Cavs won, end of story. No one cared about last year's narrative of us missing guys, no one is going to care about what happened during the series other than we won after being down 3-1.
Not directing this at you, but comparing what happened to us last year and the Warriors this year is a
false equivalency.
I don't mean to get off on a rant here, but ...
Kevin Love struggled at times in the 2016 series, but he is still fundamentally vital to the way our team is structured. Even if he isn't hitting shots, when he is not on the court, it makes the others easier to guard ... especially when his minutes are being divided between James Jones and Shawn Marion.
Love's ability to spread the floor and still be a bull on the glass cannot be replicated. Toss in his other assets like very good vision/ability to keep the ball moving and that alone was a massive loss for an entire seven game series. Just like what happened in 2016, if he would have played in 2015, he would have had his spotlight moments. And, the rest of the time, he'd be quietly playing his role and making things easier for our other guys.
I would argue that Love would have been even more important last year, because the Warriors didn't really figure out the "lineup of death" thing that gave him so many problems until we were up 2-1. It was a desperation maneuver that, luckily for Kerr, worked out far better than he ever dreamed.
But, prior to that, when they were more of a conventional lineup, Love would have had a much easier time playing against them.
We missed out on all of it and there was not even a semi-suitable replacement.
Then there was Kyrie Irving. As we saw in 2016, he is completely indispensable and, with his injury (missing 6+ games in the series), it meant the end of any real chance we may have had with just Love out of the series. Delly did an admirable job, but he isn't close to Kyrie Irving, isn't used to being leaned on for heavy minutes and we had no backup point guard to help replicate the things that he would bring the team off the bench.

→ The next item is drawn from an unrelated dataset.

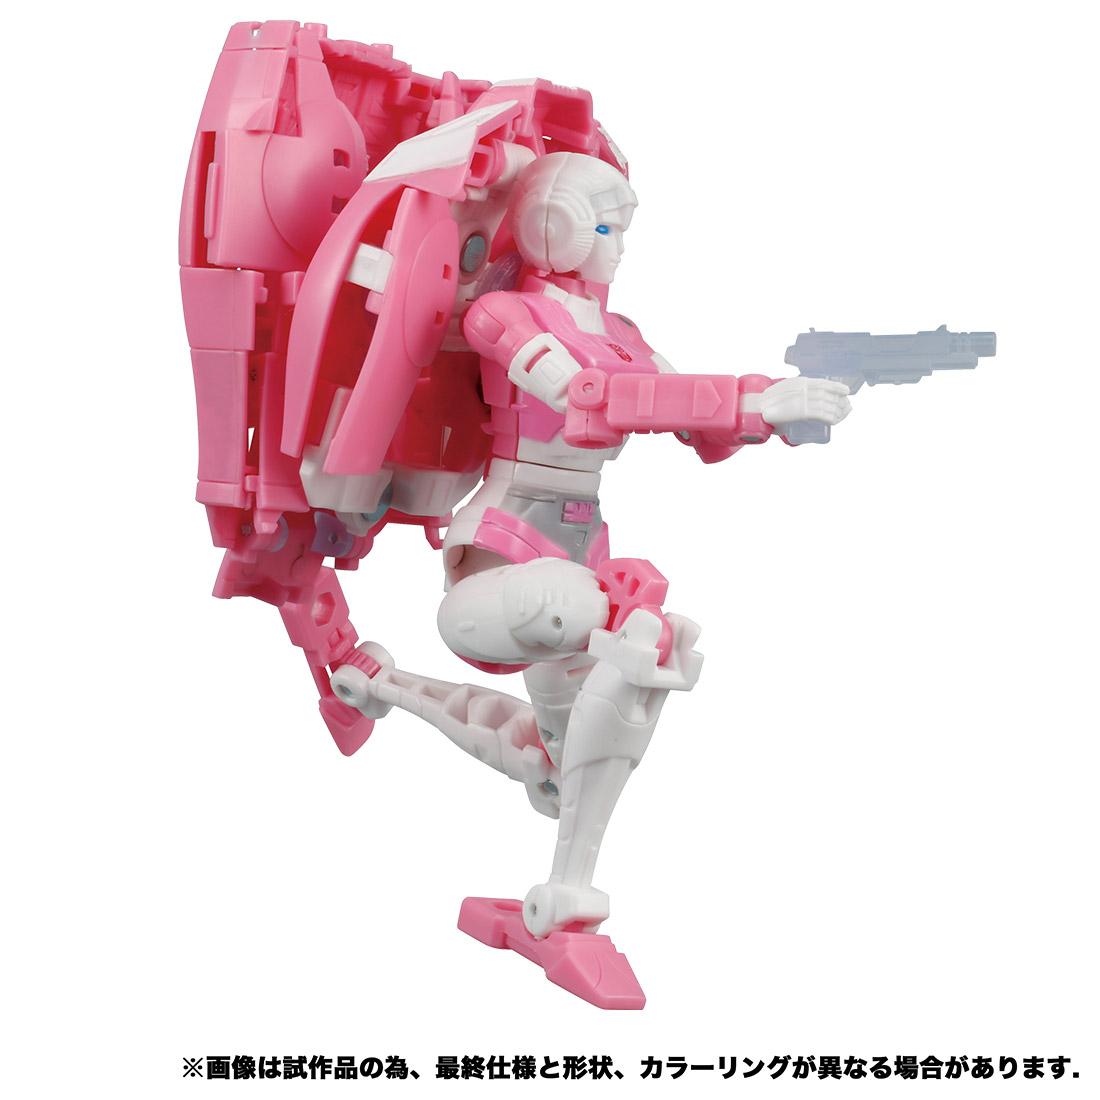 トランスフォーマー アースライズ『ER-09 アーシー』可変可動フィギュア-003

Throw Iman Shumpert in that injury pile too, and he had been having a very good playoffs up to that point with his pressure defense, ability to create turnovers translating to running opportunities and even a pretty consistent offensive contribution. He was also clearly playing injured with a pulled groin and an ankle (iirc) problem.

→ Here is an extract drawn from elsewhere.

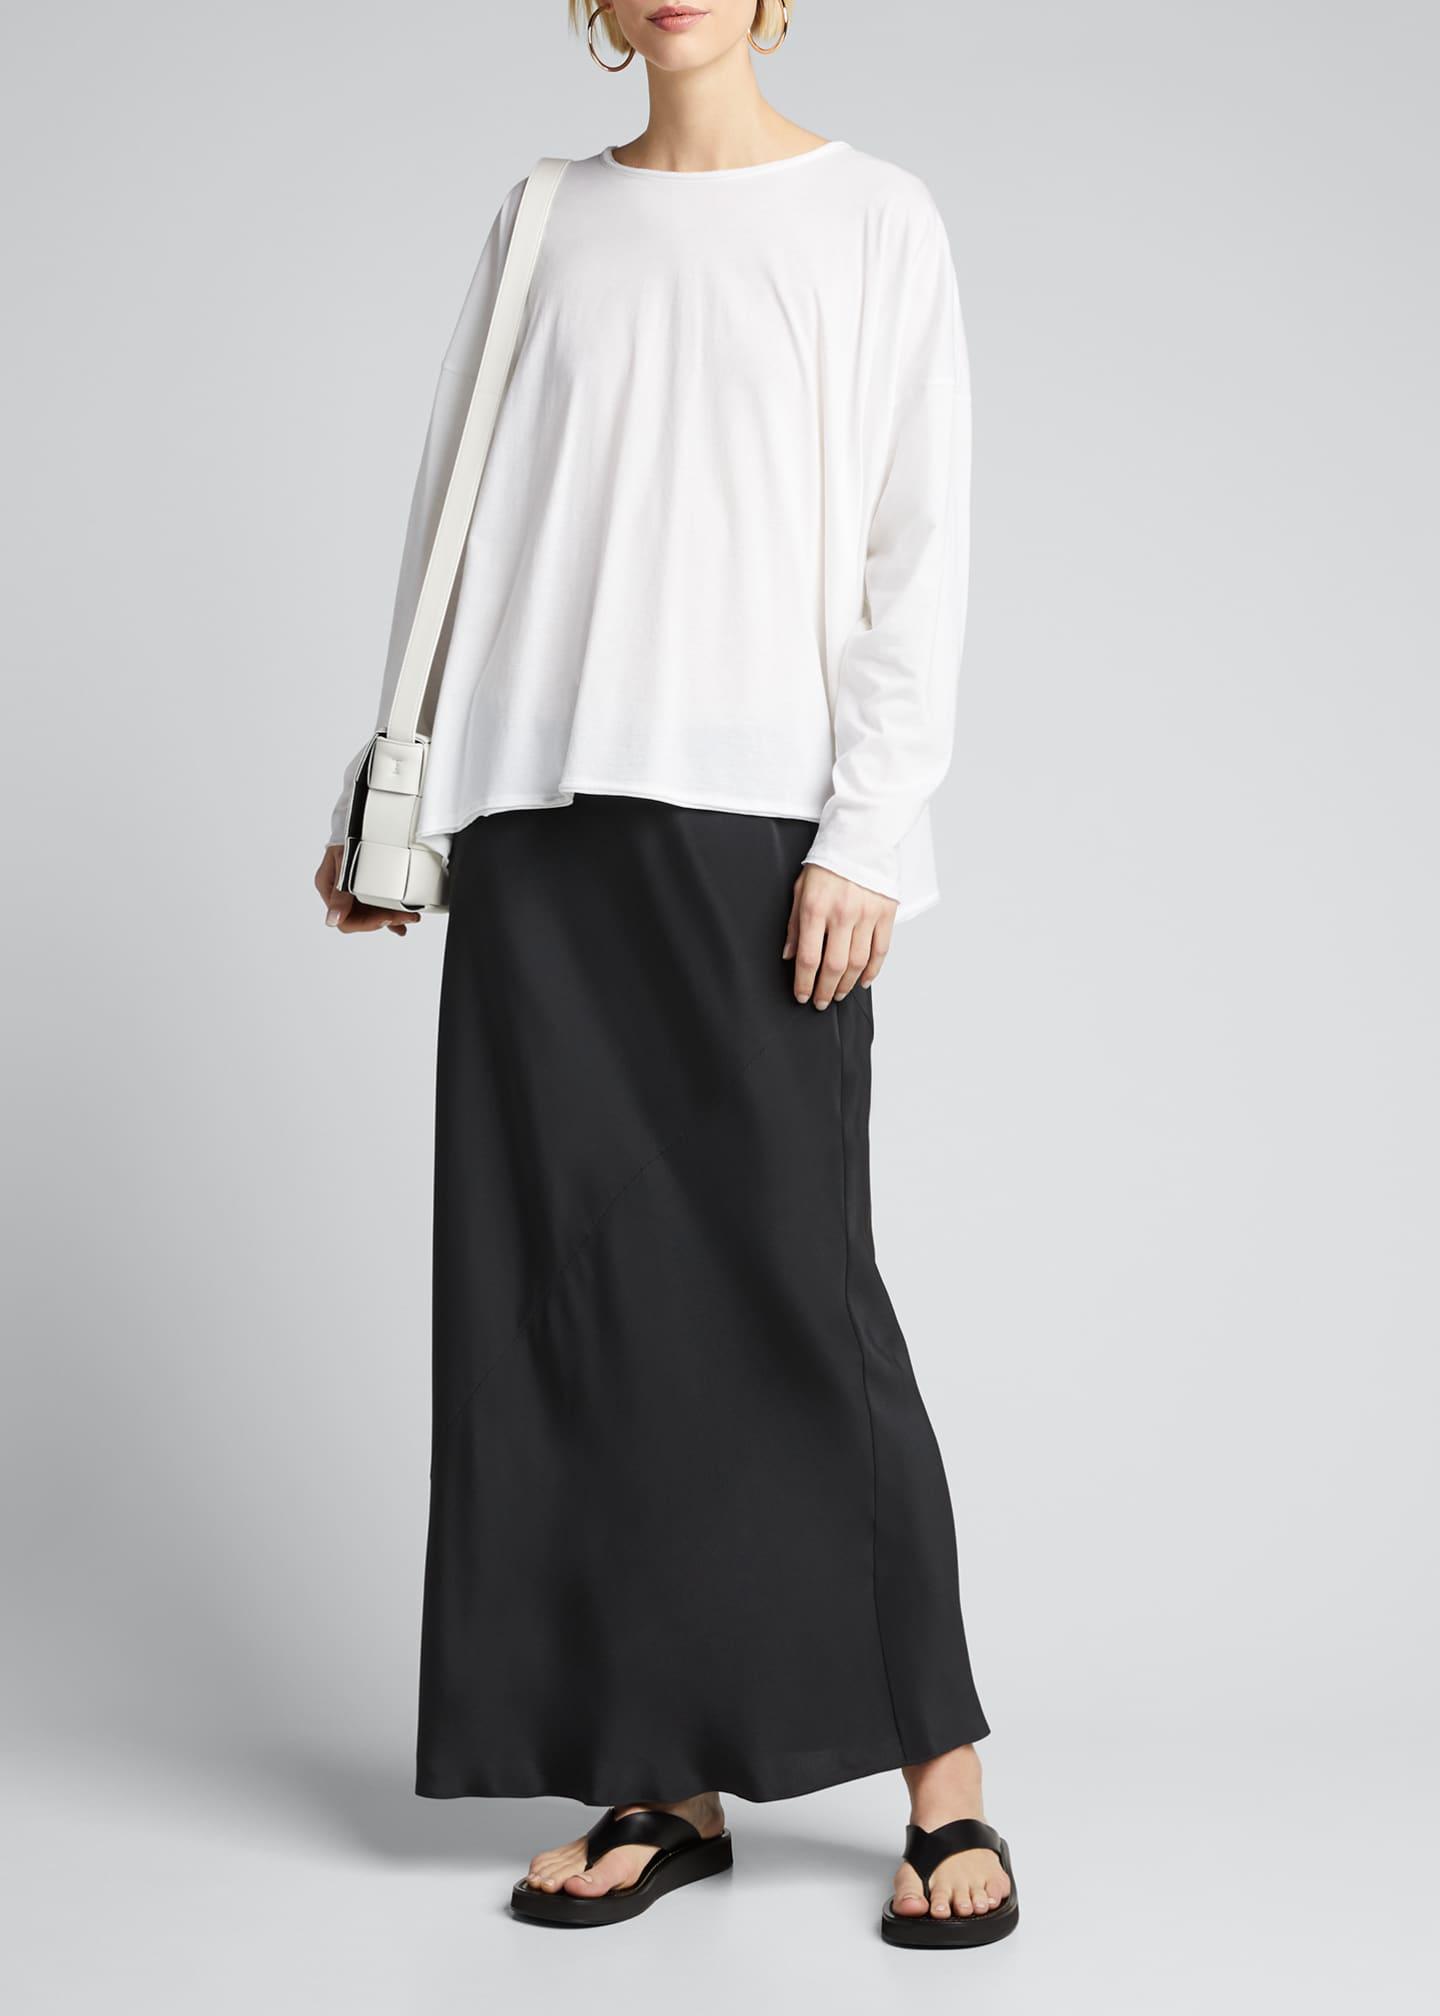 Eskandar Long-Sleeve Scoop-Neck Lightweight T-Shirt

When people say things are now "even" and "well, we dealt with things last year and they had problems this year," they're completely bailing out the Warriors or attempting to cloud the reality.
The Warriors were as good as they were all season because of their depth. That's the first thing they had going for them this year that we did not last year.
Secondly, the injury problems and missed games weren't even in the same stratosphere.
They lost Green for one game, Bogut for 2 games and Curry was playing at something below 100%, apparently. The Green thing was completely his own doing and that's the price you ought to pay when you have a reckless athlete playing a huge role in your team's destiny. He should have been suspended in the OKC series, but justice finally found him. That is his fault and the Warriors' fault for relying on a guy like that... never once reining him in. Hell, he kicked Kyrie in the waning seconds of Game 7. The guy is flat-out reckless and he is going to seriously hurt someone at some point.
Bogut, while one of maybe 10-12 important cogs in their rotation, is unarguably not one of their most important five guys. He was averaging 11 minutes a game in The Finals prior to his missing the last two.
Curry was out there playing and doing 360 dunks in warmups.
Textbook false equivalency that the national media will no doubt continue to exploit.